[Types-sig] Re: syntax and compile/run -time

scott scott@chronis.pobox.com
Tue, 4 Jan 2000 22:42:40 -0500


On Tue, Jan 04, 2000 at 07:17:22PM -0800, Greg Stein wrote:
> On Tue, 4 Jan 2000, Paul Prescod wrote:
> > John Ehresman wrote:
> > > ...
> > > It would also be nice to be able to examine the interface of an object
> > > through the native reflection API.  I don't know if these considerations
> > > requre that type objects be constructable at runtime because python source
> > > could be generated and the compiled on the fly, but I think they serve as
> > > examples of why the type system should be extensible at runtime.
> > 
> > We all agree that interfaces should be constructible at runtime. What we
> > disagree on is whether runtime constructed interfaces can be used in the
> > same syntactic contexts as statically constructed interfaces.
> > 
> > a = GoFetchMeAnInteface()
> > decl foo as def( arg: a ) -> String
> > 
> > interface B( a ):
> > 	...
> > 
> > ...and so forth. I claim that the syntax should restrict us to clearly
> > separating the runtime from the compile time.
> 
> Maybe it goes with saying, but I'm on the opposite fence from Paul :-)
> 
> I don't think we should restrict the runtime from using any [new] Python
> syntax. The above code should be completely legal and valid, but it would
> not be compile-time checkable.


one thing that bothers me about this is that the line 'decl foo as
...' may be somewhere completely different than the 'a = ...' line,
and so it becomes unclear what is meant by the programmer.
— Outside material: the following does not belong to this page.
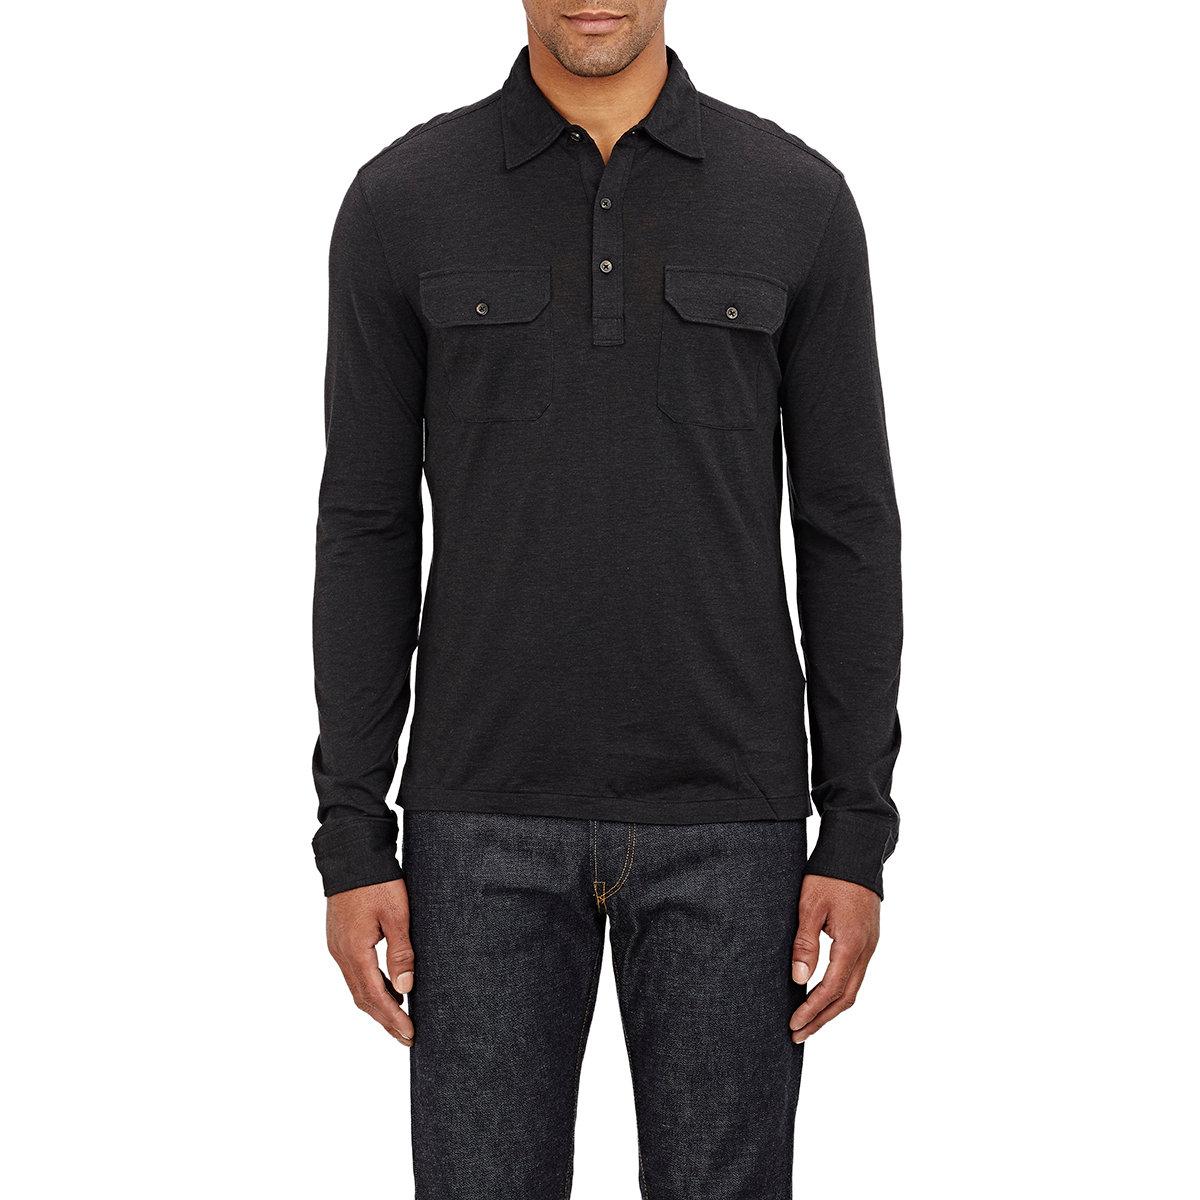 Ralph lauren black label jersey polo shirt in gray for men for Ralph lauren black label polo shirt

one possible solution to that clarity is something like this:

a = GoFetchMEAnInterface()
decl foo as def( arg: a ) -> String

is an error (at compile time) , but

a = GoFetchMEAnInterface()
decl foo as runtime def( arg: a ) -> String

is ok at compile time, but may or may not cause an error at runtime.

I'm not against keeping the same basic syntax, but I do believe it
should be made clear *in the decl statement* that it is not intended
to be part of the compile-time stuff.  If the programmer indeed
intends that (and they really might), they need to be told about it in
a way that is more obvious than a warning.